Lessons Learned from Premarital Sex

Negative lessons about premarital sex can be replaced by good lessons about married sex as God designed it.

 

I recently wrote that how you see your husband may be shaped by what you learned about men during childhood. We carry other negative lessons into our marriages as well. Sadly, our own sin is what sometimes teaches us those lessons.

This post is written for women who engaged in consensual premarital sex. Dragging around baggage that we ourselves created is an odd burden.

I’ve made no secret of the fact that my husband and I had sex before marriage and that I had sex with other men before I did with him. My premarital sexual experiences shaped my sense of self as well as my views about marriage. My own sin created some of the baggage I dragged into my marriage with me.

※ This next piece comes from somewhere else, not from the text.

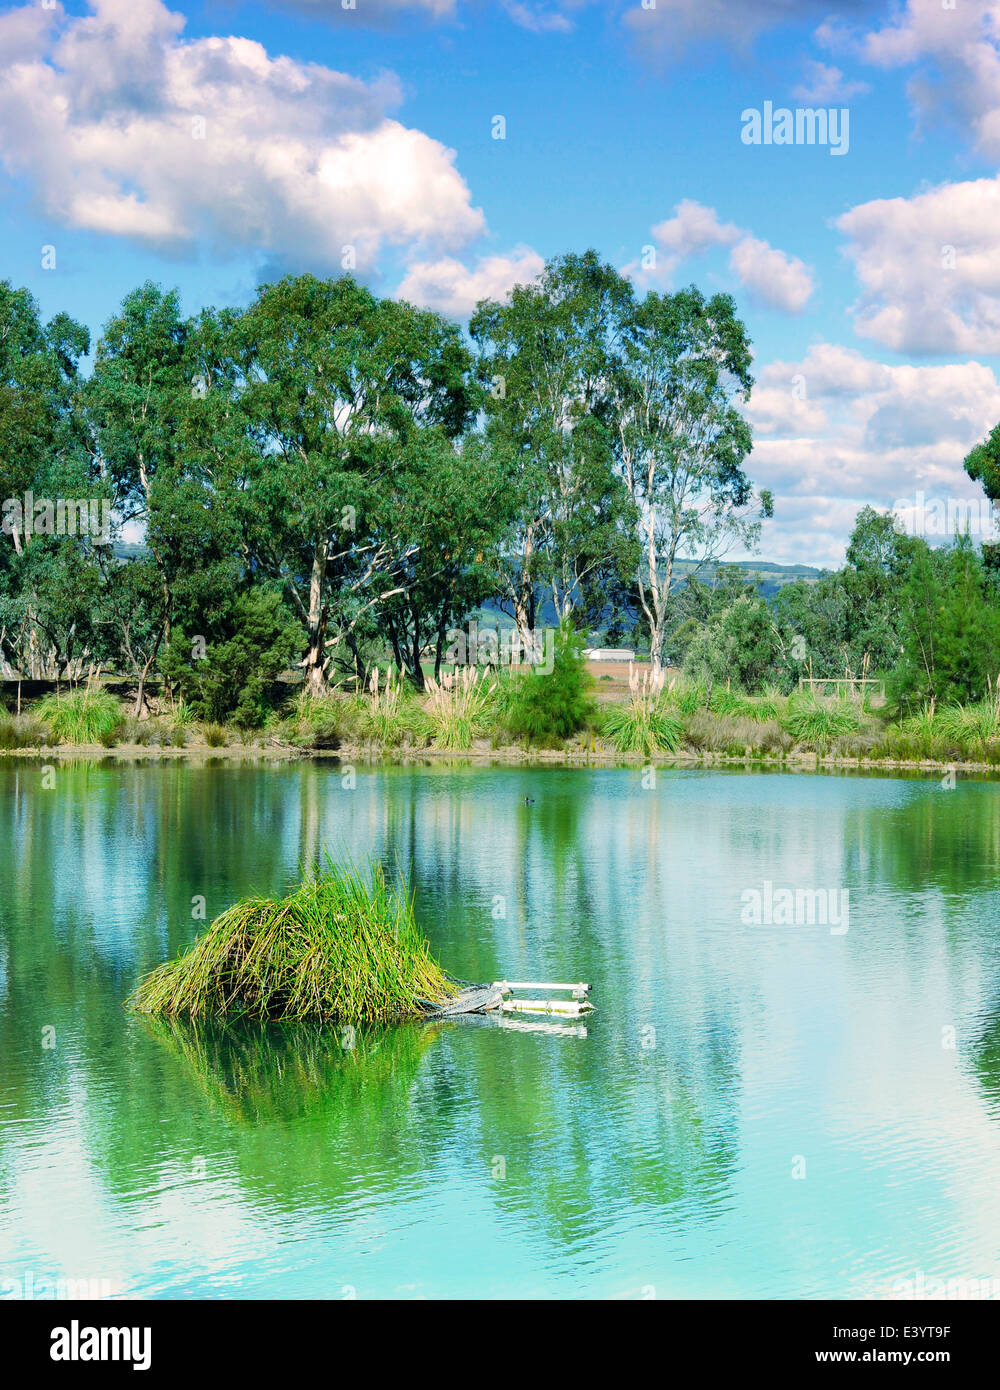 Australian native bushland landscape with large pond in foreground. Stock Photo

I used my sexuality casually, in premarital relationships and in encounters that I guess would be called hookups now. I didn’t know what I was looking for, but even then I knew that what I got wasn’t it.

Confession

A New York Times article, “In Hookups, Inequality Still Reigns,” reminds me of some difficult truths. It reminds me of the illusions I created in order to convince myself that I was becoming empowered rather than bedraggled by premarital sex. It reminds me of a time in my life when negative patterns were laid down that shaped my marriage and my sense of self for years.

When my children were very small, my husband connected me with a women’s prayer and support group at church. Most of the other women were pillars in the church. I would find myself praying earnestly for them while thinking, If they only knew the real me, they wouldn’t want to be in my presence. They are so good, so holy. They know the Bible better than me. They talk about applying it in their lives without even blinking an eye.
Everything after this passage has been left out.